INFORMATION SUPPLIED:
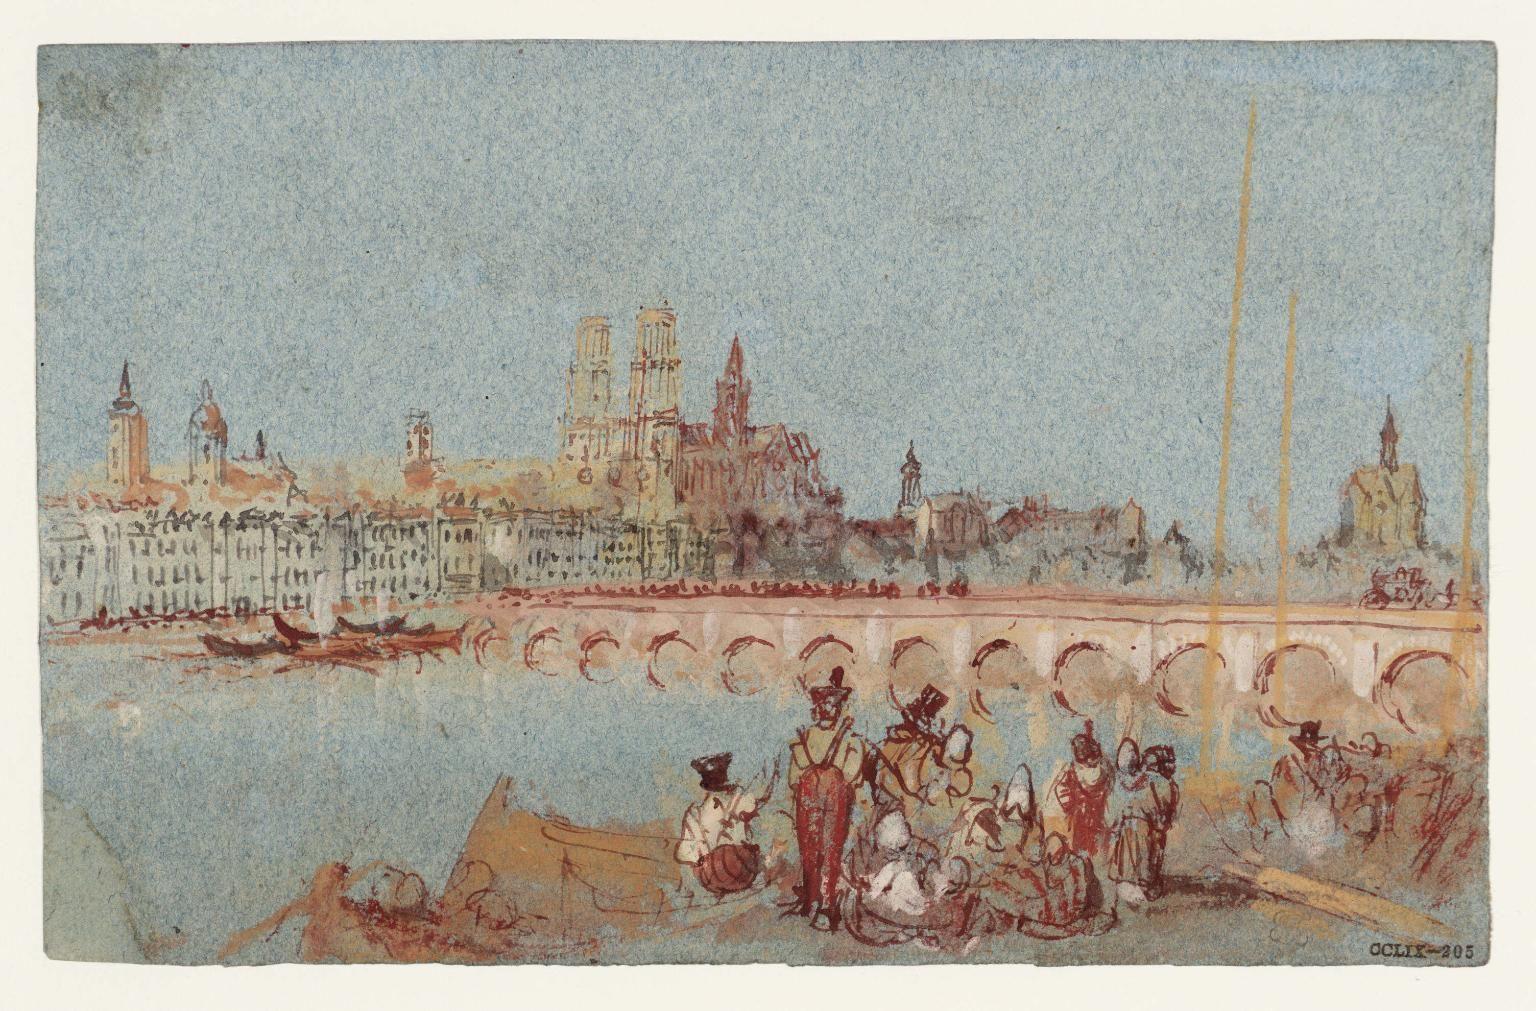 Joseph Mallord William Turner, 'Orléans, Loire Valley' c.1826–8
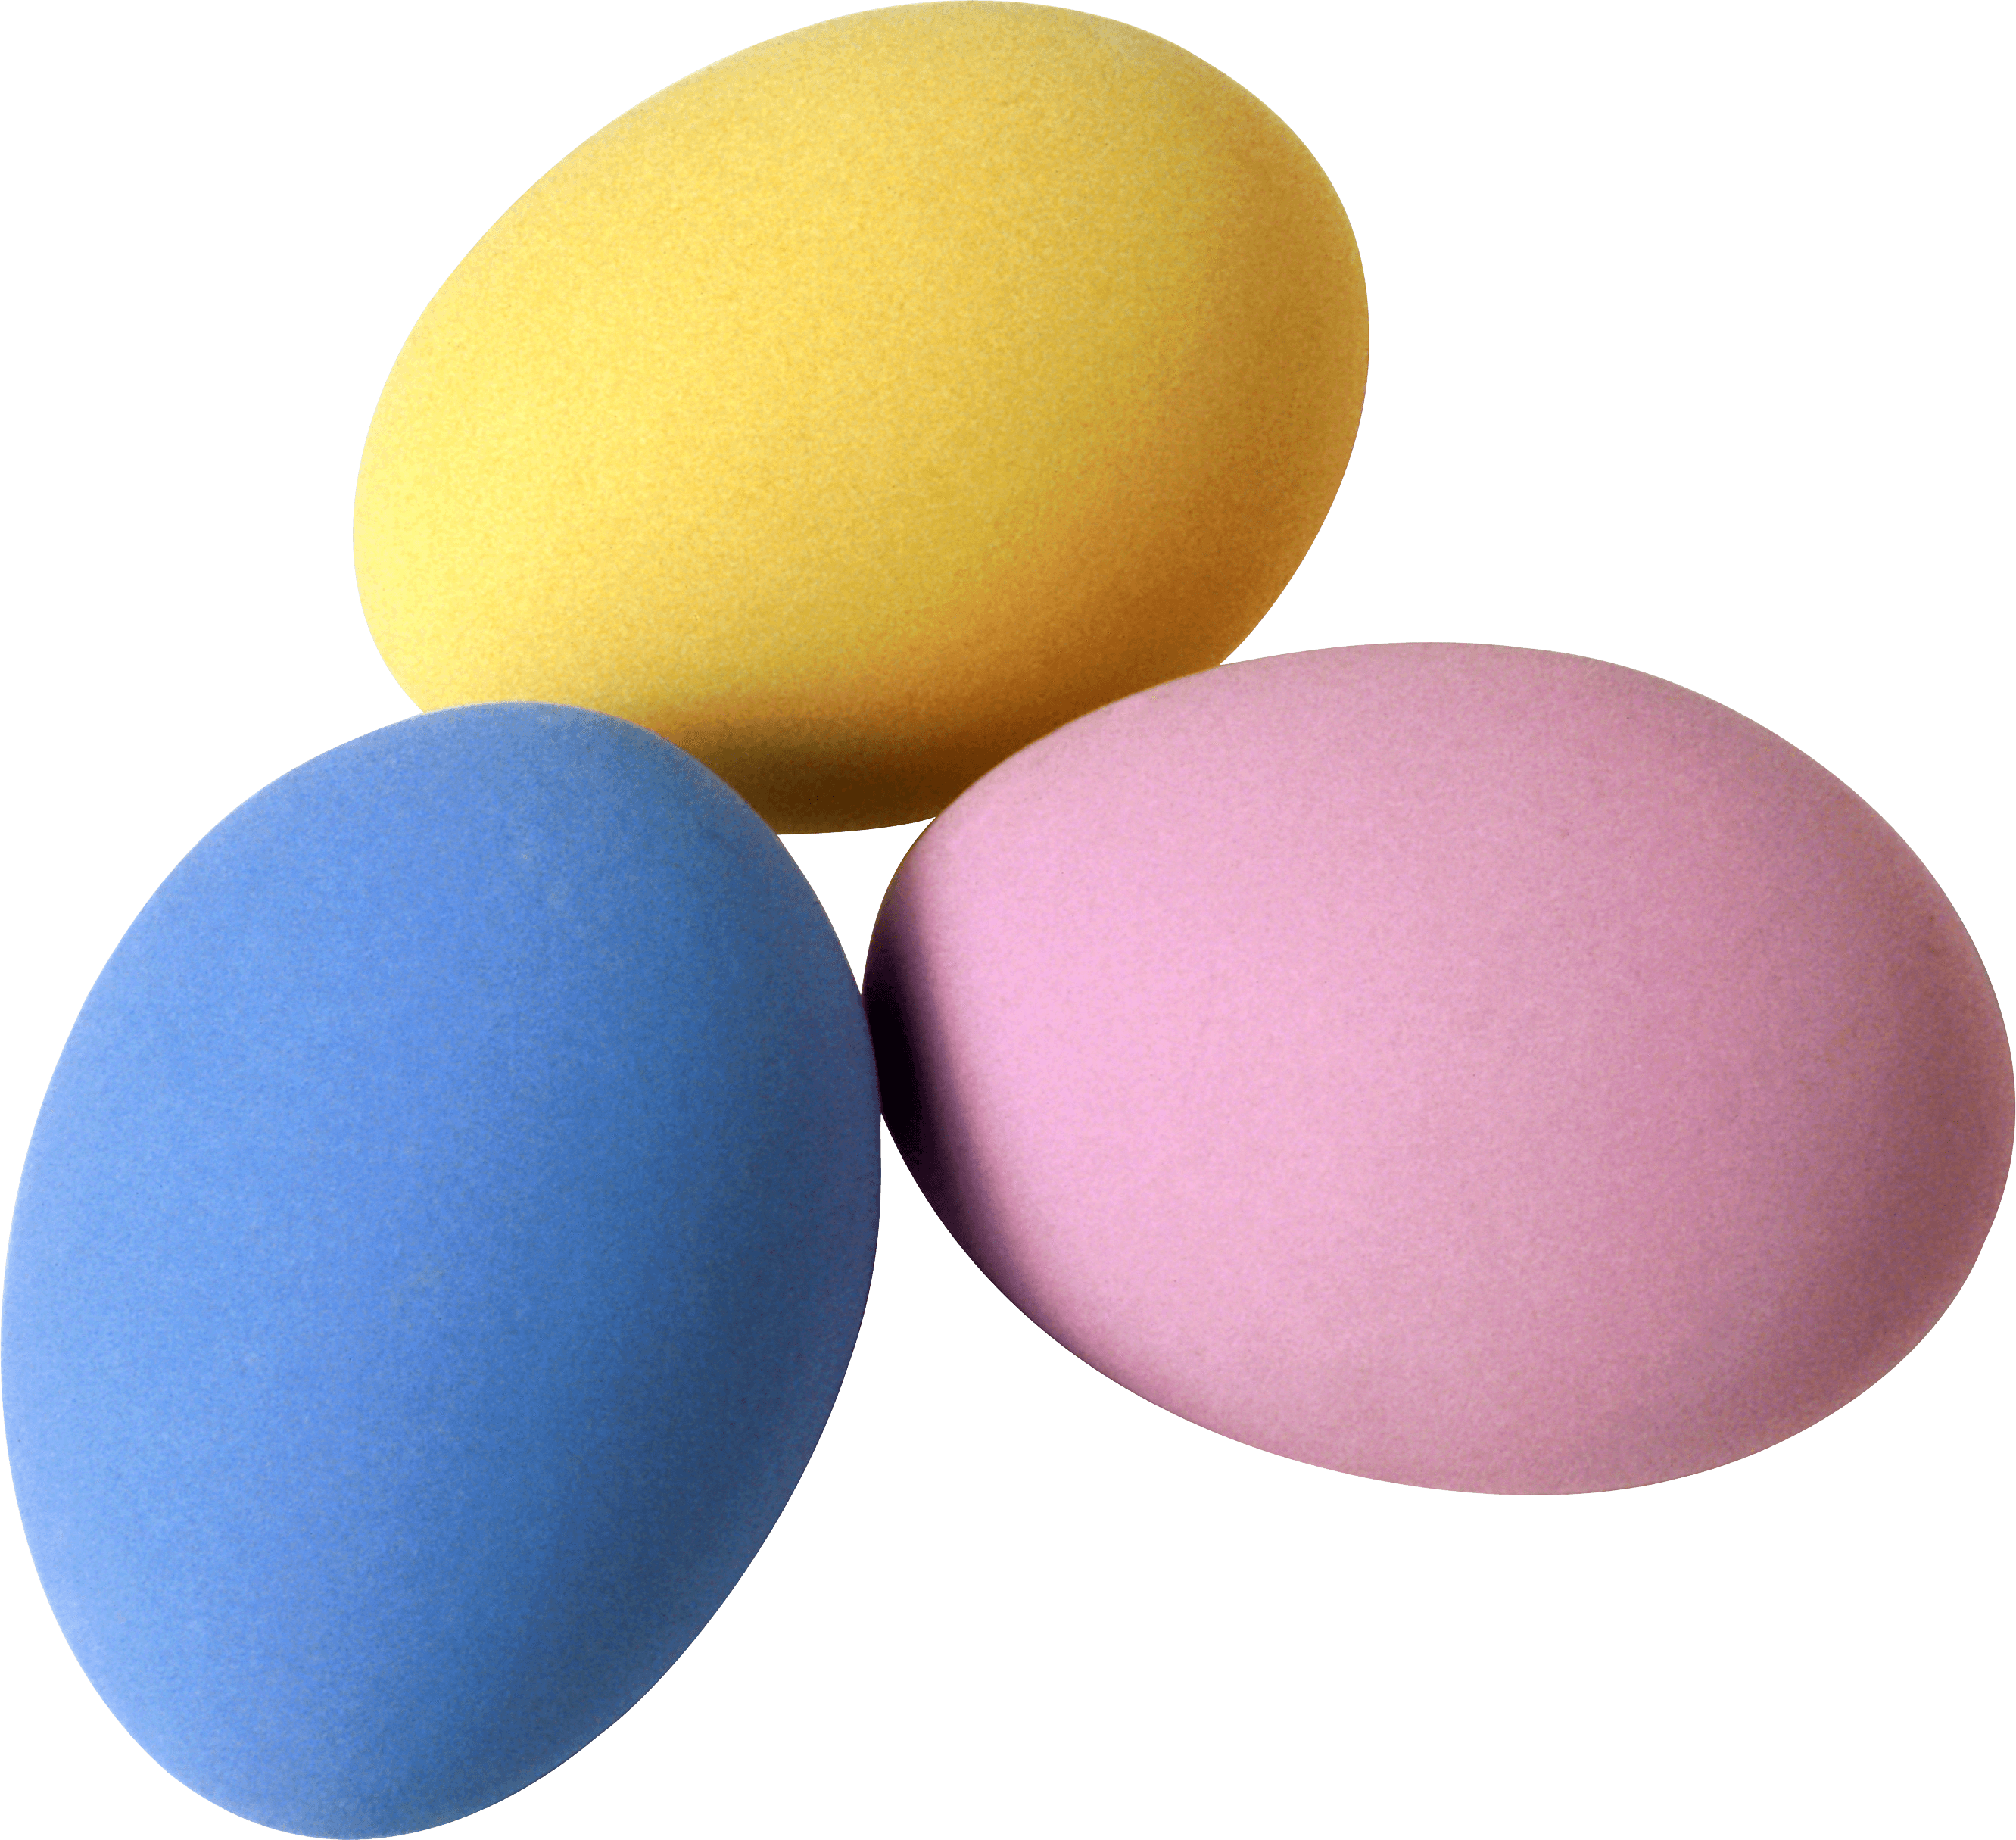 Download Colorful Eggs Png Image HQ PNG Image | FreePNGImg
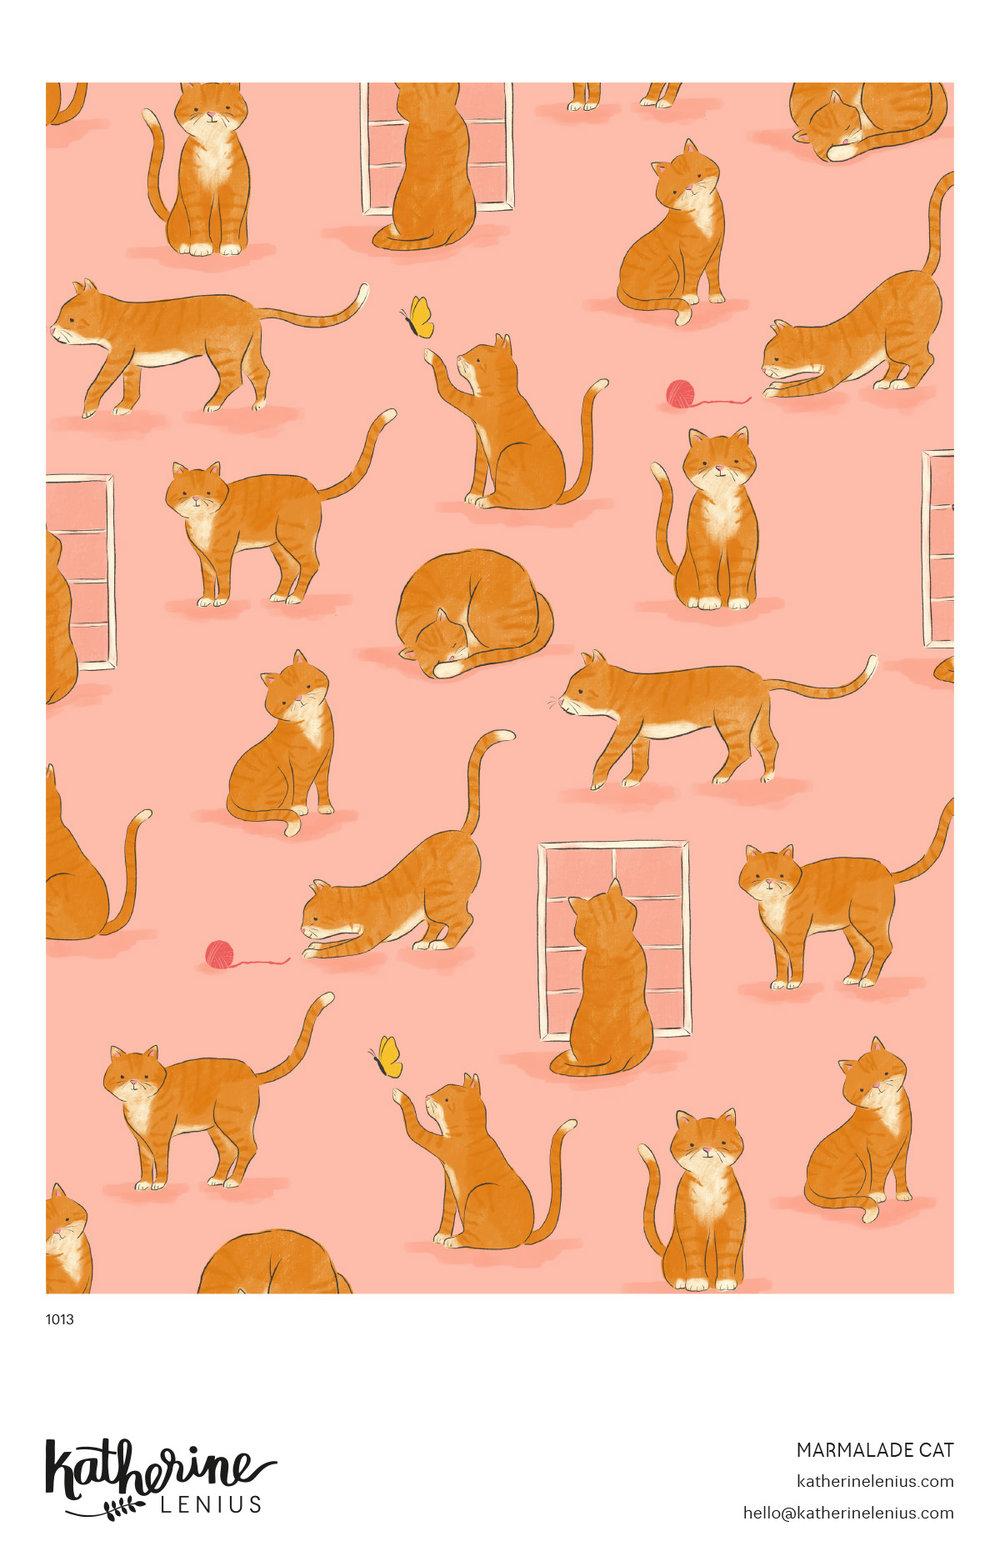 KL_1013_Marmalade Cat copy.jpg
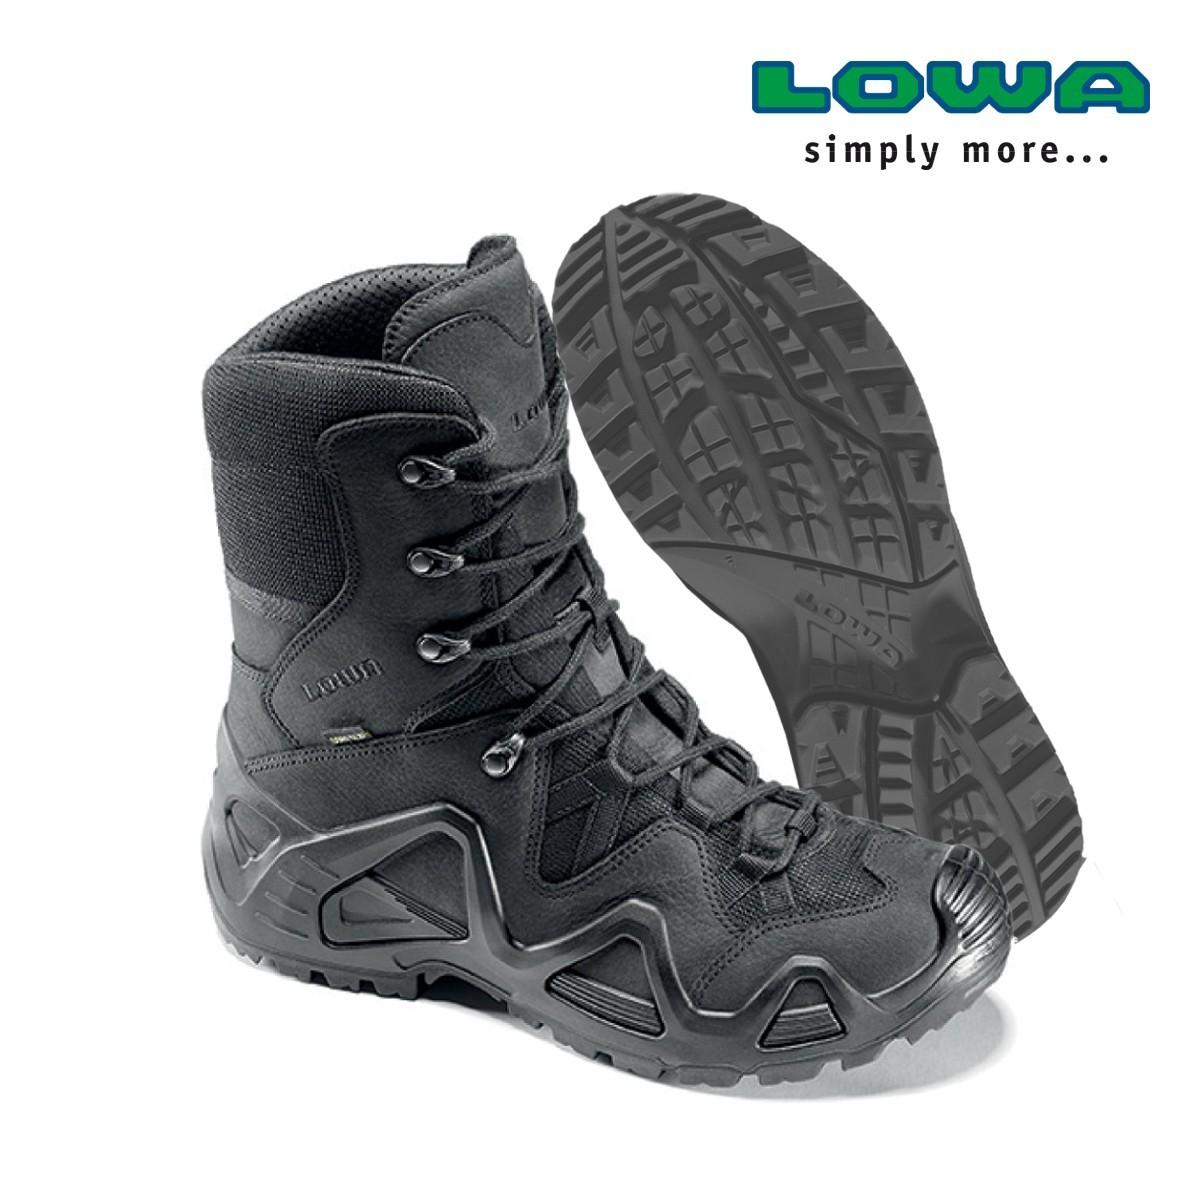 chaussure intervention oakley pas cher

AIM OF THE TASK: Give the data above again exactly. Leave the pictures out.

REPLY:
 Joseph Mallord William Turner, 'Orléans, Loire Valley' c.1826–8
 Download Colorful Eggs Png Image HQ PNG Image | FreePNGImg
 KL_1013_Marmalade Cat copy.jpg
 chaussure intervention oakley pas cher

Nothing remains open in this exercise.